In fact, it is a delicacy found mainly in the Sanriku region of Japan (comprising of Aomori, Iwate and Miyagi Prefectures) facing the Pacific Ocean, and it is currently in season. But - should I say - don't worry, it isn't commonly seen in areas outside of the Sanriku region. And after the Tohoku earthquake in 2011, production dropped drastically and has only reached levels where there is enough to export as of this season.


Also called the sea pineapple for its appearance, the taste is anything but fruity and said to be sweet, salty, sour and sharp at the same time - or simply said, tasting of the sea itself.
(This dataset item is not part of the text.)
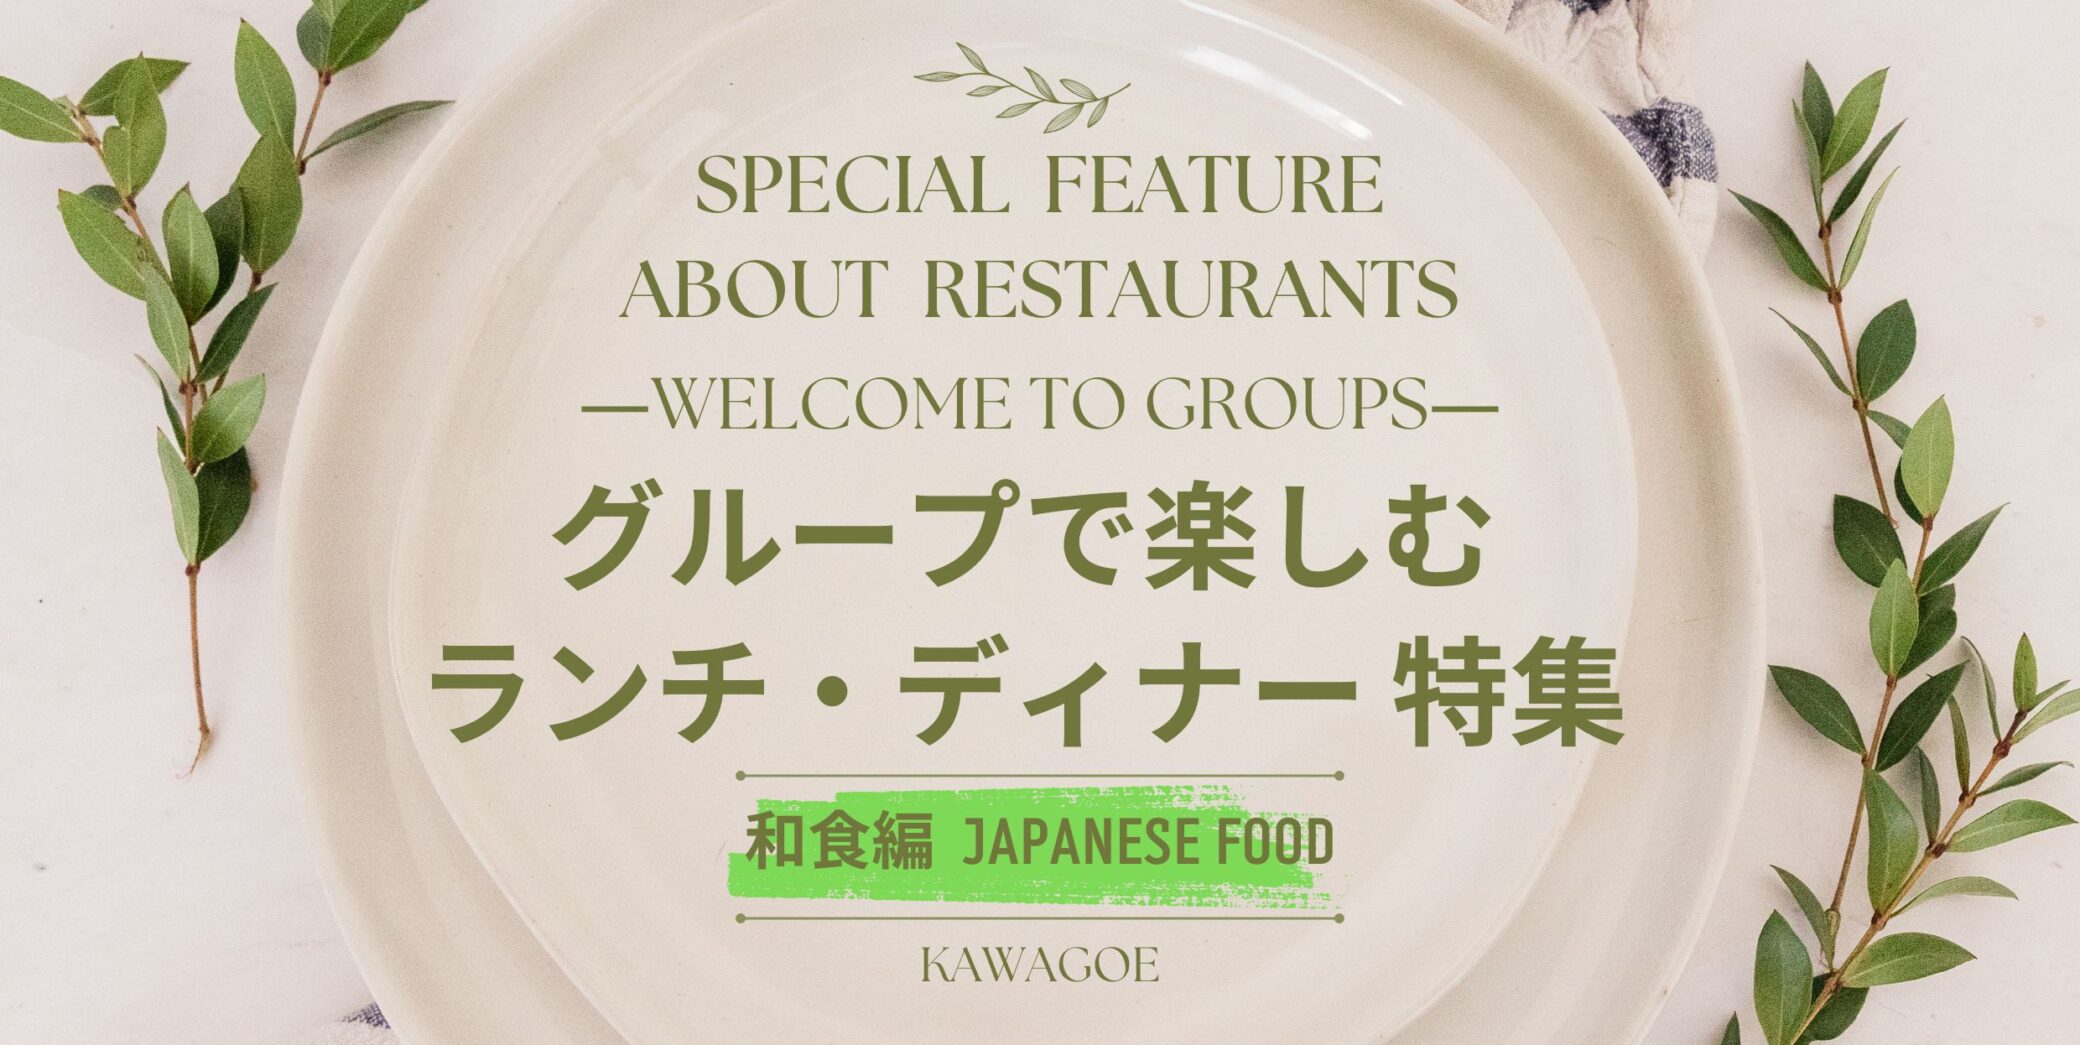 🍴 อาหารกลางวันและอาหารเย็นพิเศษสำหรับหมู่คณะ - ฉบับอาหารญี่ปุ่น - 🎉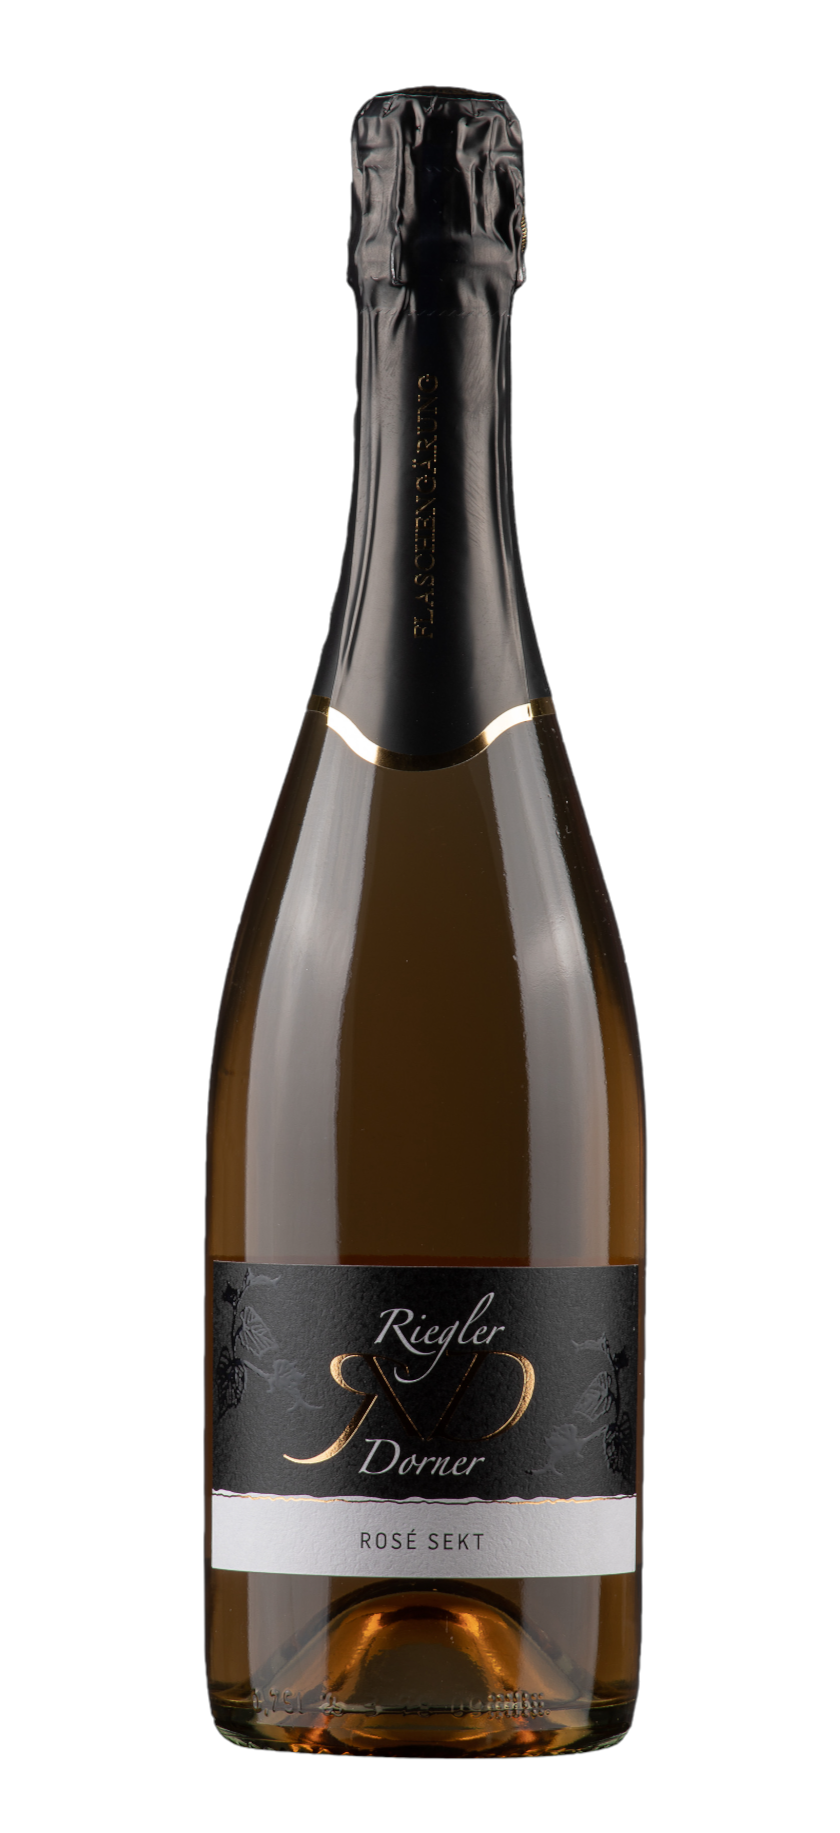 Weinbau Riegler-Dorner Produkt-Beispiele Rosé Sekt

Another seasonal delicacy, perhaps more easy to stomach for most, is the ishigaki clam or 石陰貝 (literally, stone shadow cockles) from Miyagi Prefecture. Extremely hard to find in the seabed (and at sushi restaurants outside of Miyagi) production has also just started to recover from the Tohoku earthquake and tsunami.


Unlike the strong tasting hoya, this cockle has a delicate sweet taste and a soft, plump texture. This is must-try for any shellfish lover and reason enough to head to Miyagi for (or befriend a fisherman there).





Treasures from the sea like these brought by time and tide are the simple, yet rare, pleasures of life that not many outside of the region are privy to - but just perhaps, the locals prefer to keep it that way.


About Sh旬n:
Shun (旬) translates directly into "season", but strictly speaking in Japan refers to the ten days in which a food (be it a fruit, vegetable, fish or dish) is deemed to be at its tastiest and best period in which it is to be eaten. 季節(kisetsu), which also translates into "season", refers to six periods within each season (spring, summer, autumn, winter), according to the solar calendar in which a change in the season is deemed to occur - an indication of the Japanese sensitivity to changes in the weather and climate, and its impact on crops and catches of the day. 「A Taste of Sh旬n」aims to bring you the freshest and best harvests, catches and dishes of the day.